Глупости одни все эти премудрости, хотя и в них поиграть можно, если интерес имеется, только слишком всерьёз, пожалуй, относиться не надо, – а то слюнями друг друга забрызгаем. Ничего ведь серьёзного нет на свете – всё игра одна и видимость сплошная. И дьявол, наверно, всего лишь шутник большой, а мы просто по серьёзности своей ограниченной и умишком евклидовым его за злодея какого-то держим главного, шуток не понимаем. Или это не он шутит, а кто-то повыше?

…Память ушла утром, но в ту же ночь я видел её во сне: она сидела в дорожном плаще на том же камне, где сидел днём и я, – или это я и был? Я спросил: куда собралась? А она улыбнулась и ответила: в Город, но не бойся, я покидаю тебя не навсегда, всё ведь возвращается; я иду в Город, там и встретимся. Потом она встала и пошла в сторону гор. И тогда я понял, что Город совсем близко, что скоро тоже буду там. Потому что я не Странник, чтобы искать и не находить, жаждать и не насыщаться. И путь мой, наверно, не бесконечен. И я должен найти, что ищу, – я могу позволить это, потому что этого хочу…

 

 

* * *

 

…Я стоял у окна и оцепенело смотрел на улицу, – шёл снег.

Вчера я снова был у Насти, – она перестала даже узнавать меня. А посещавший её врач, этакий красавец-аристократ, черноволосый, изящно причёсанный, только разводил руками, – я не Господь. Но то вчера, а сегодня я был, наверно, даже спокоен – заворожённым спокойствием сна, – я знал, что долго так продолжаться не будет. Что-то изменится, – разве просто так я видел вчера такой странный сон?

Там я тоже стоял у окна, и помню, что ничуть не удивился, а только слегка вздрогнул, когда ясное зимнее небо без единого облачка с востока на запад внезапно прорезала молния.
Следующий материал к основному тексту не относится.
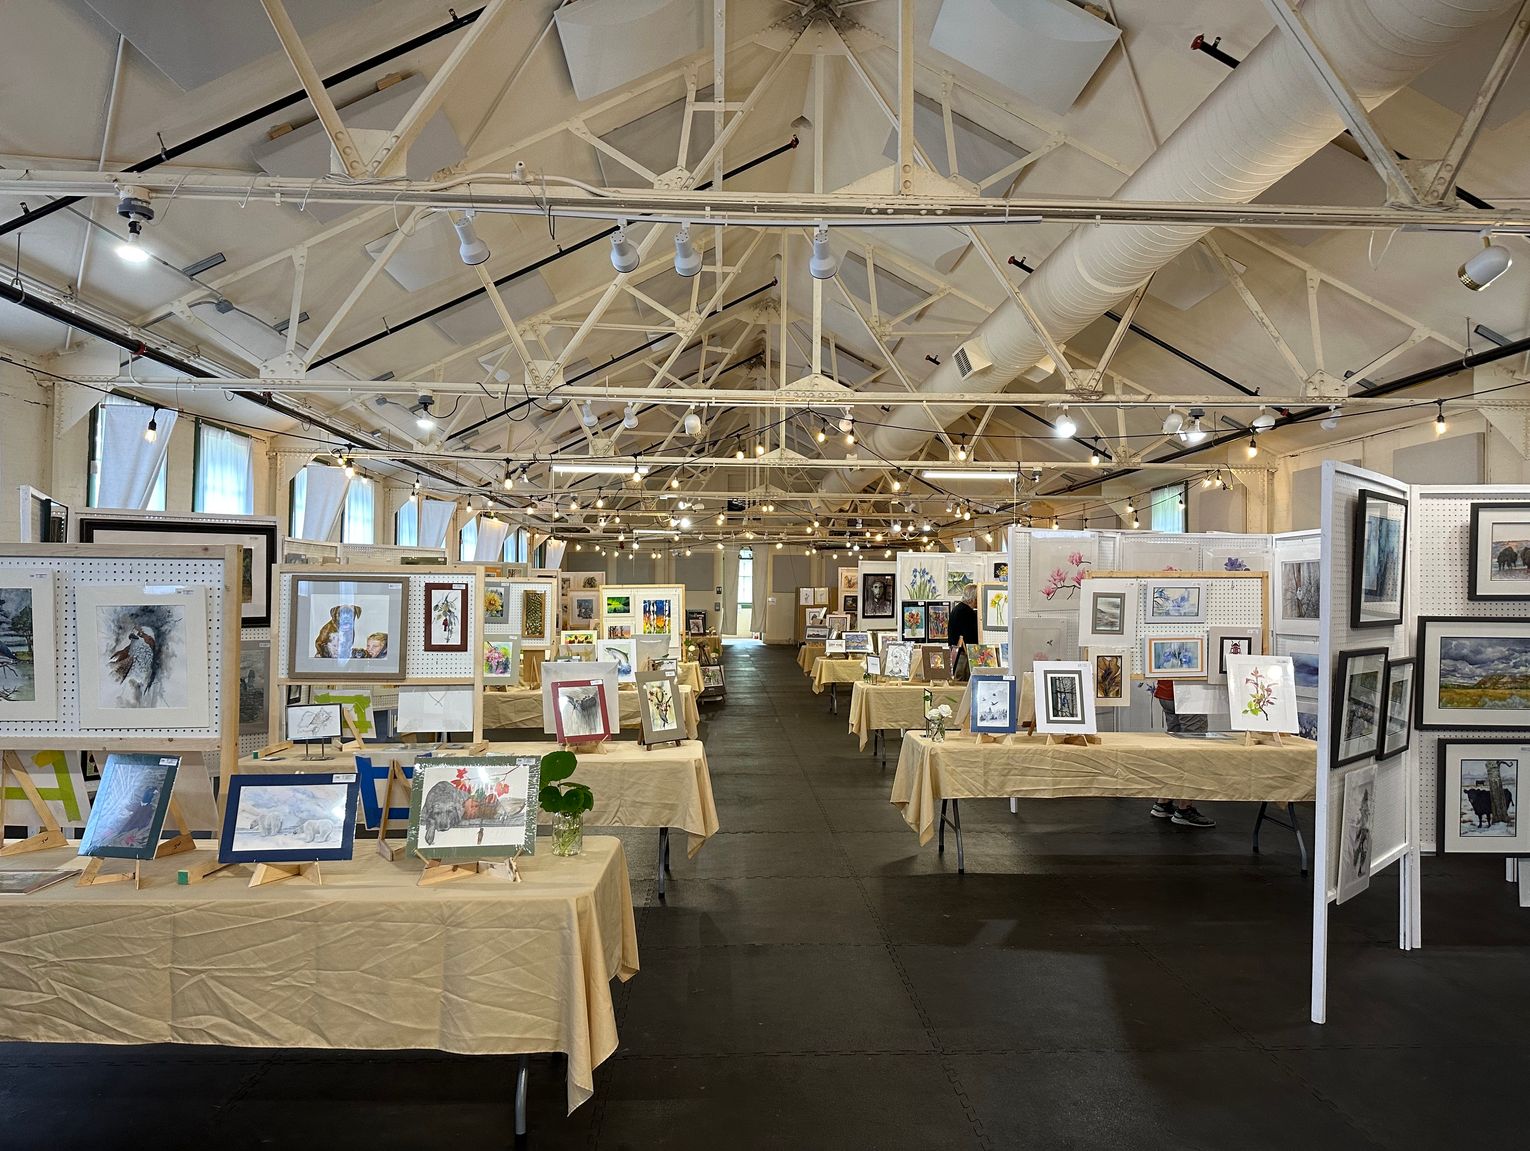 Ely Watercolor Club exhibition from 17 to 21 July
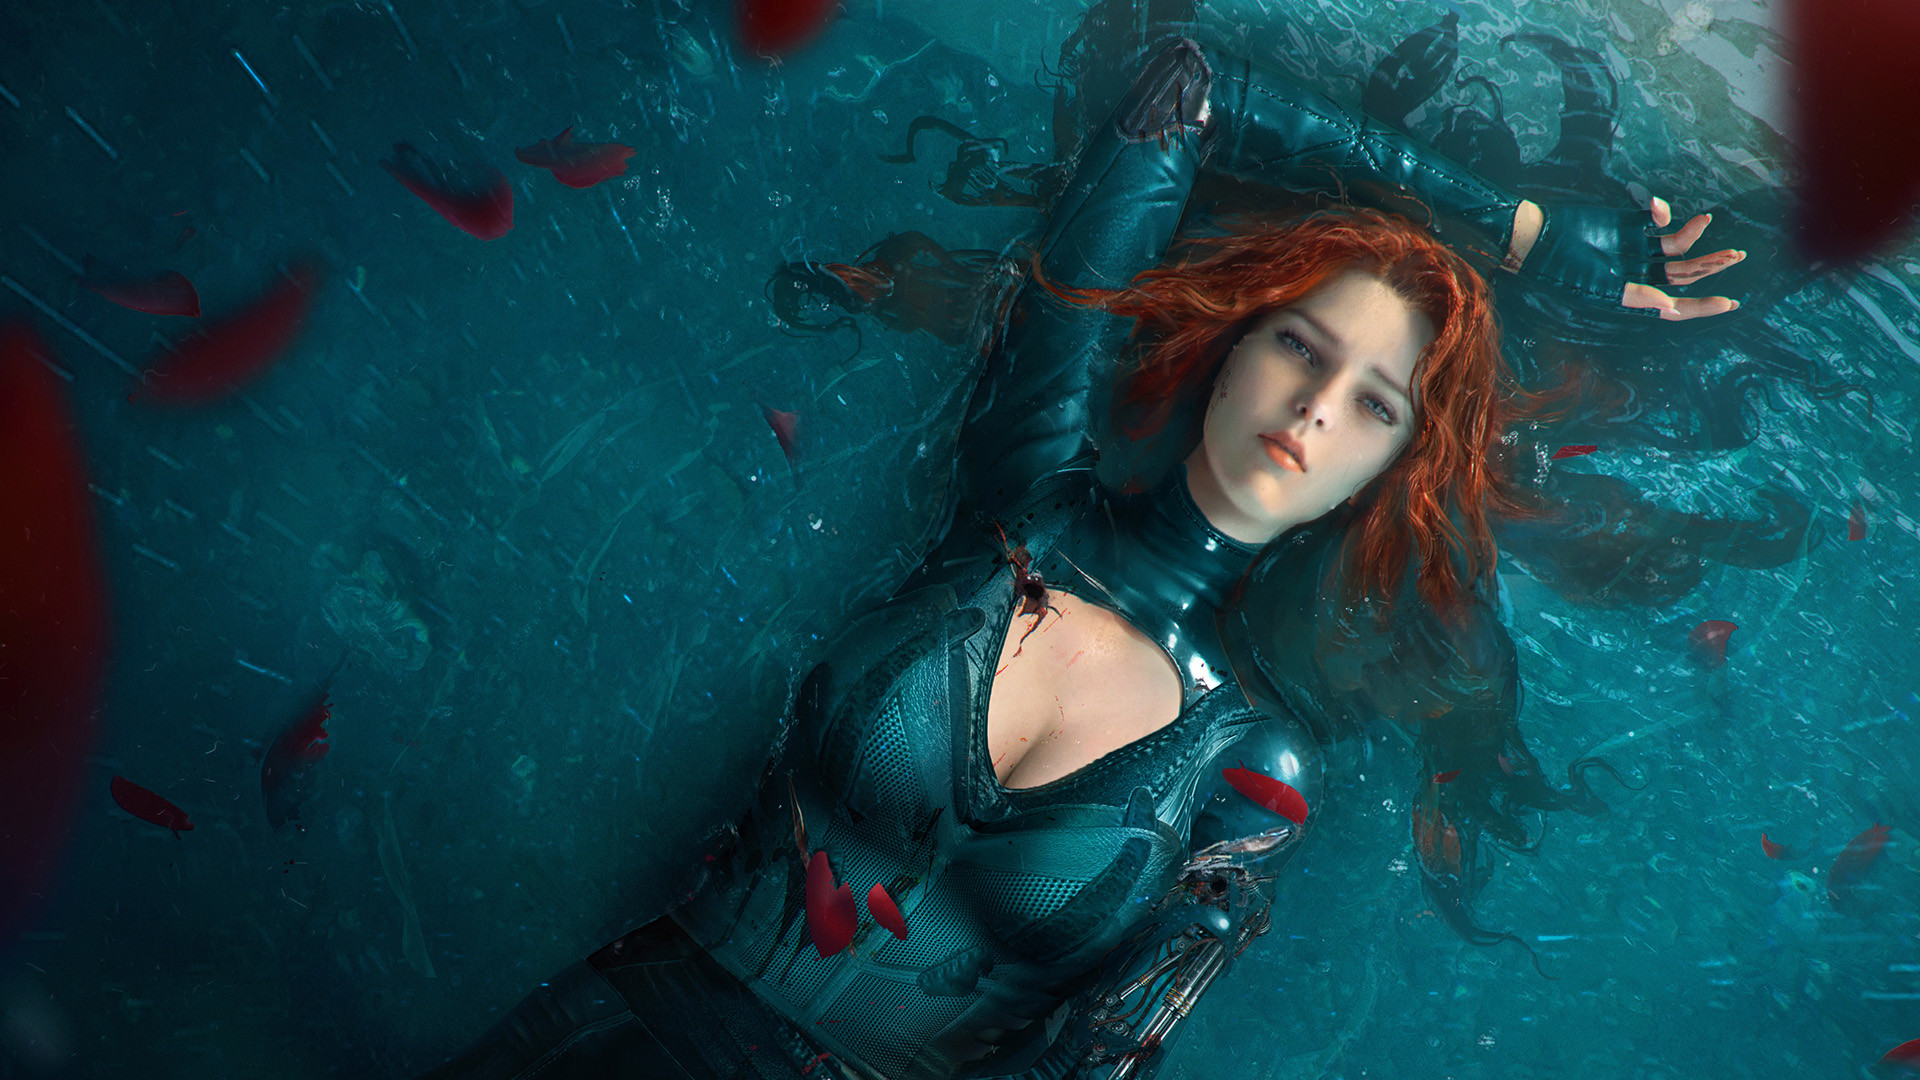 Free download wallpaper Sci Fi, Cyborg, Red Hair, Lying Down on your PC desktop

И как побежали по небосводу, словно по яичной скорлупе, мелкие трещины – небо начало неторопливо, как в замедленной киносъёмке, рассыпаться. И посыпались стеклянным дождём его осколки – неровные, сверкающие зеркальца, разбиваясь о мостовую с тихим хрустальным звоном, – казалось, где-то далеко-далеко звонят колокола.

Старичок в грязном пальто, проходивший под окнами, удивлённо остановился. Он воровато оглянулся и схватил с тротуара осколок. А затем бросил быстрый взгляд в зеркальце и внезапно отшатнулся. Я открыл раму. Что он мог там увидеть? В комнату ворвался ветер и швырнул на подоконник с пригоршней снега такой же осколок.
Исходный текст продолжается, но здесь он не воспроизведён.